Some simple laboratory experiments and straightforward analysis can clear the air and answer these questions.

Speaker mechanics

The speaker can be considered, for the moment, a purely mechanical device. As such, the cone with its inherent mass and the cone suspension with its compliance or stiffness make up a resonant system. Some mechanical damping is present but such a slight amount that the system can be considered highly underdamped - if the cone is displaced and then released, it oscillates about its normal resting position for several cycles at its natural resonant frequency. This oscillation decreases in amplitude and finally reaches a state of rest due to the small amount of damping.

If this underdamped speaker is driven by a voltage source having a very high internal impedance so as to maintain the underdamped condition, the cone will vibrate at a greater amplitude at frequencies close to its natural resonance. (This action is similar to pushing a swing or pendulum "in time" with its natural period so as to obtain large amplitudes.) The frequency-response curve of the speaker under these conditions will show a peaked output near cone resonance, usually between 30 and 80 cycles per second. Operation in this manner produces high transient distortion and is undesirable in high-fidelity systems. This can be shown by pressing and then releasing the cone. The oscillation which results is all distortion, since the cone does not follow the applied square waveform of depressing and releasing it.
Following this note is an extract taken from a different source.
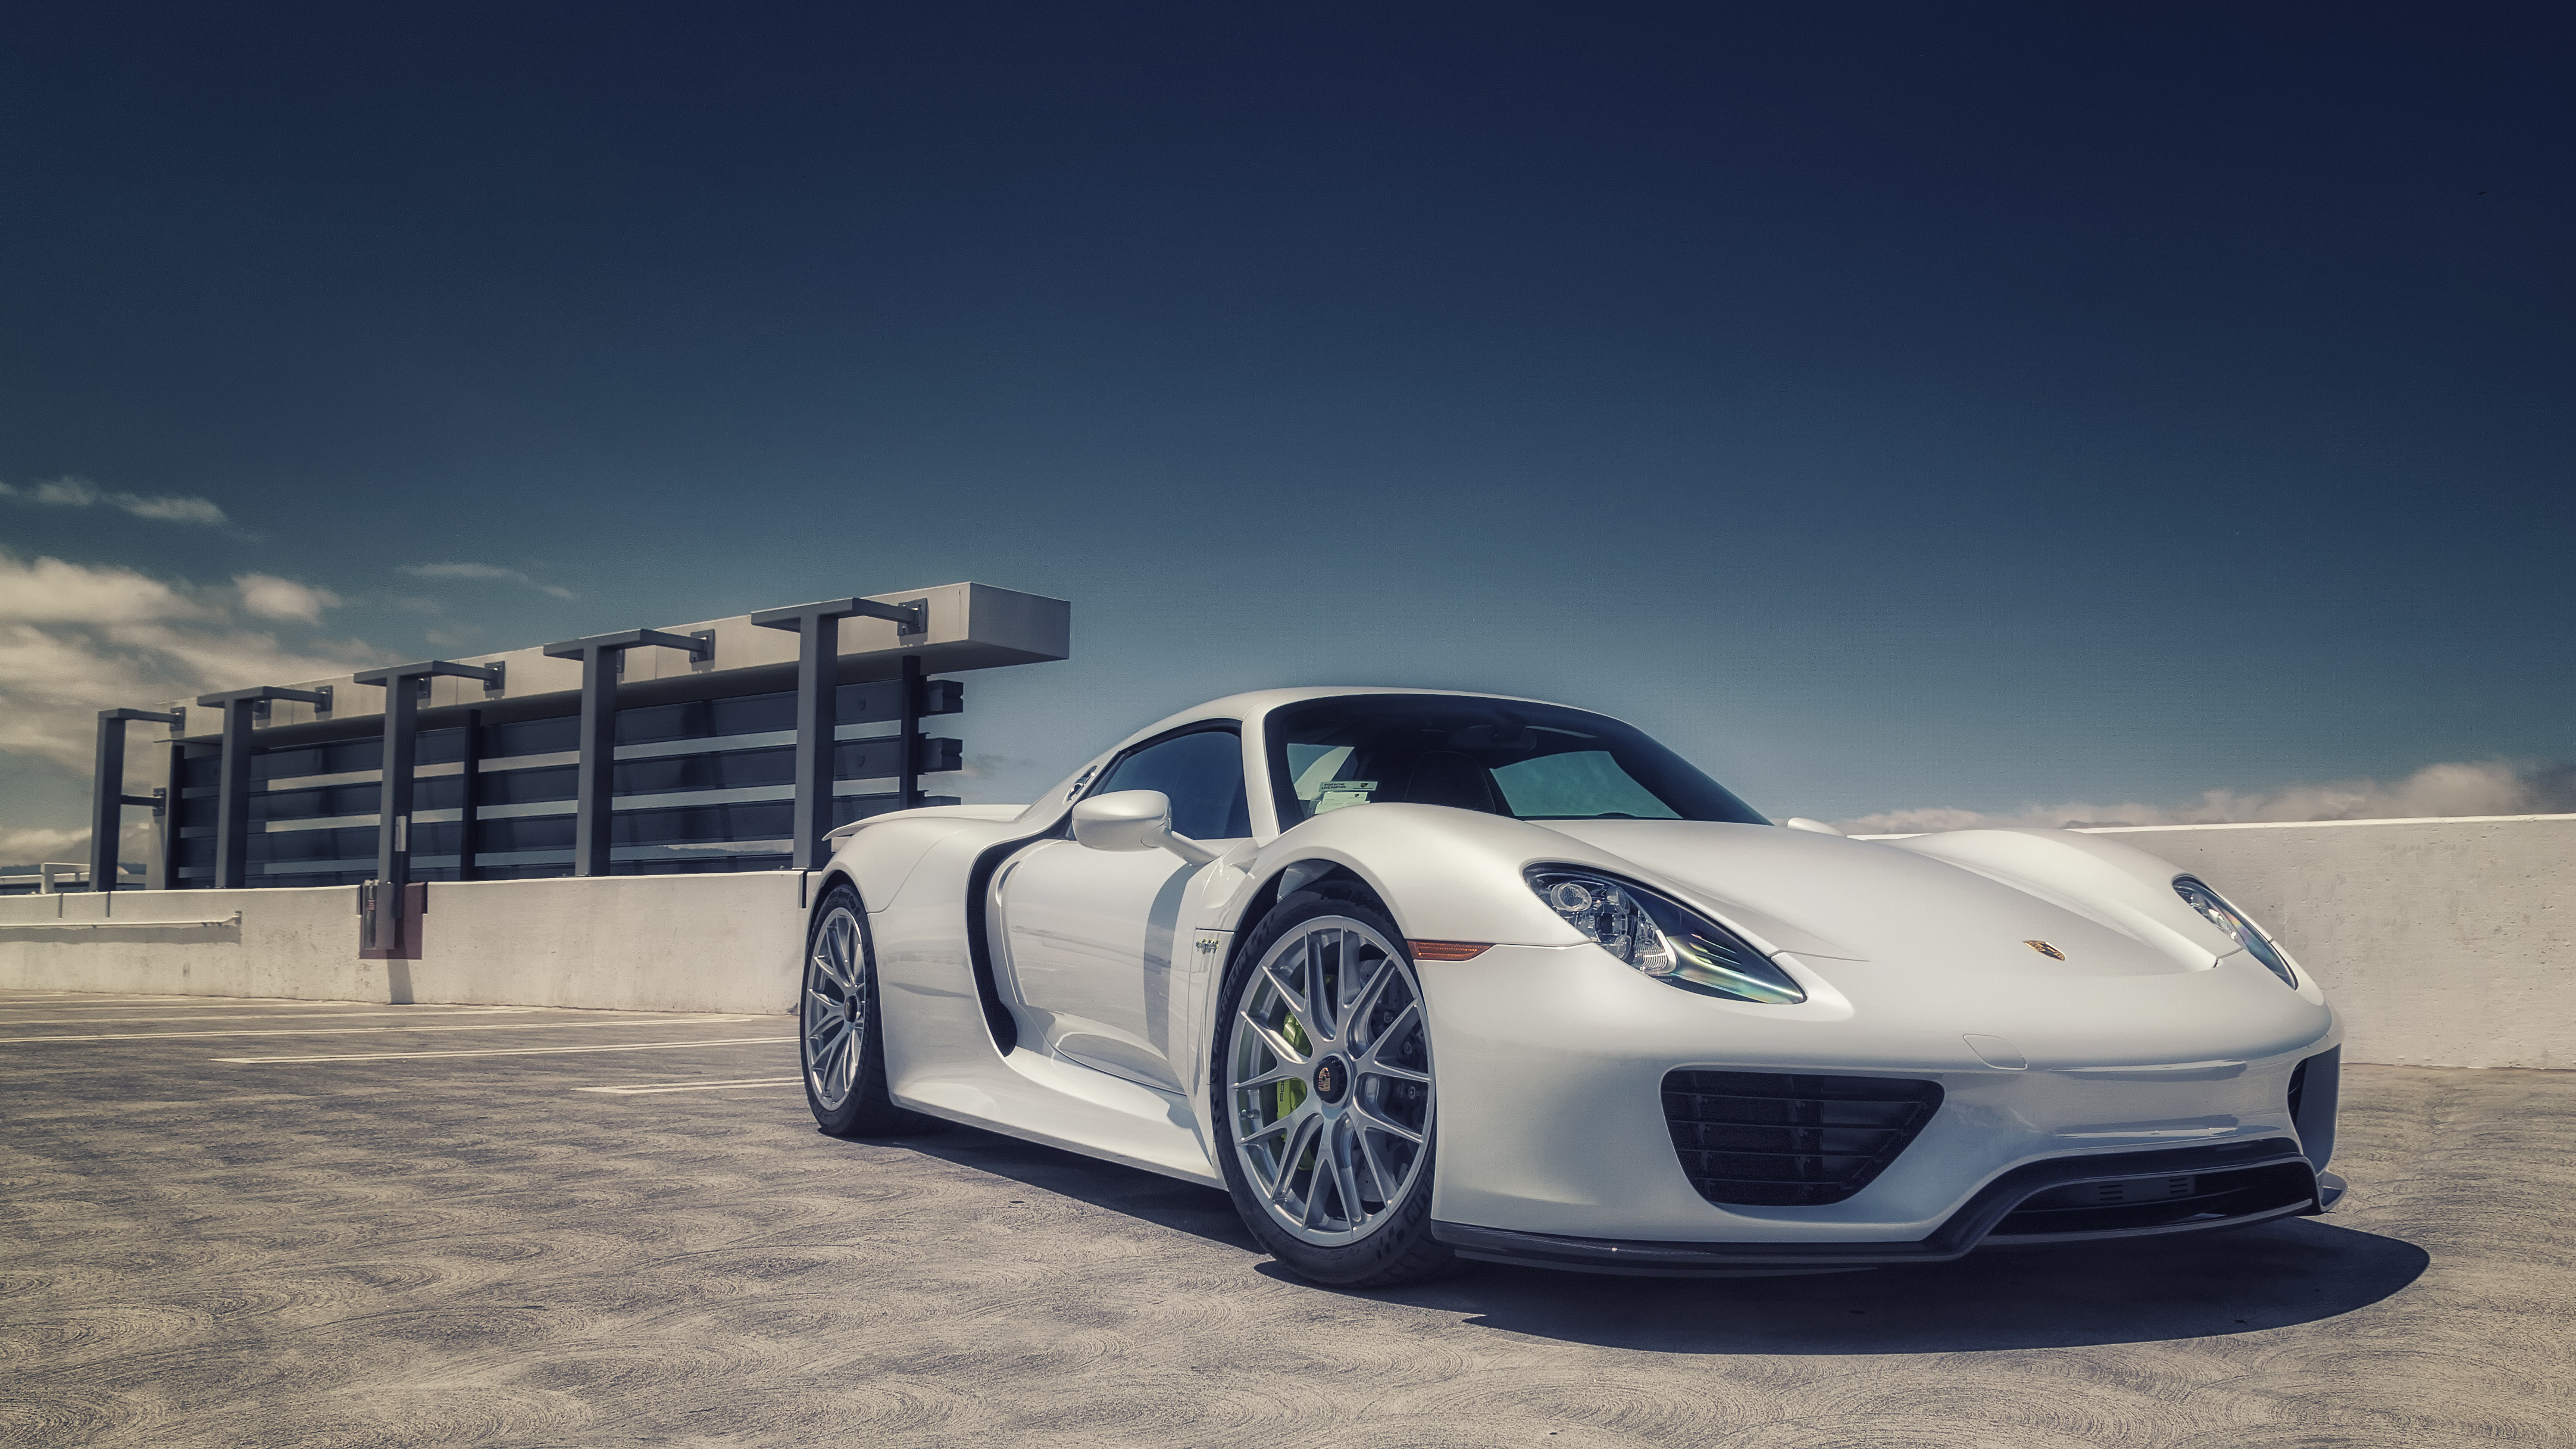 Porsche 918 Spyder, HD Cars, 4k Wallpapers, Images ...

The speaker as a transducer

To reduce the transient distortion as well as the peaked bass response, it is necessary only to damp the cone. If the speaker were purely a mechanical device this would be difficult. But since it is an electromechanical transducer, damping is obtained easily. In analyzing the electrical portion of the speaker we find a coil of wire wound around a form and attached to the cone. The coil is placed in a magnetic field and in this way constitutes a simple motor or generator.

Graphs

If a voltage is applied to the coil, it moves in the magnetic field which in turn moves the cone. If the cone is mechanically moved, the motion of the coil in the magnetic field generates a voltage in the coil. From this it can be seen that cone damping can be obtained by using the magnetic braking action present when the coil terminals are externally closed through a resistance. The motion of the cone in trying to oscillate generates a voltage in the coil. This voltage produces a current flow through the coil and external resistance. The current flow tries to move the cone by motor action, but opposite in direction to the motion producing the current. Therefore the cone is damped in its free motion.

For a given speaker, the amount of damping can be varied by changing the value of the external resistance and consequently the value of the braking current. There is one value of damping at which the cone returns to rest in the quickest possible time without going past the rest position. This condition is called the critically damped state. Transient distortion is greatly reduced and the low-frequency response is more nearly uniform.

Excessive damping returns the cone slowly to its rest position. If the speaker is driven by a voltage source with very low internal resistance, the low-frequency response lacks intensity. (The action now is similar to pushing a pendulum while it is submerged in grease or heavy oil.)

Fig. 1 shows the extent to which a speaker's output is affected by various damping values. Actual speaker performance is shown for overdamped, critically damped and underdamped conditions. To obtain these curves, the amplifier driving the speaker had means for varying its internal resistance. The method for accomplishing this will be discussed later.

Speaker-damping variables

The easiest method for determining these factors as well as their effect on the damping action is to resort again to the magnetic brake. First, we know that the induced voltage in the coil is directly related to the amount of flux cut by the coil. Therefore a larger magnet or smaller gap volume will induce a higher voltage. As a result, a larger external resistance is needed to limit the current so that the desired braking action is retained.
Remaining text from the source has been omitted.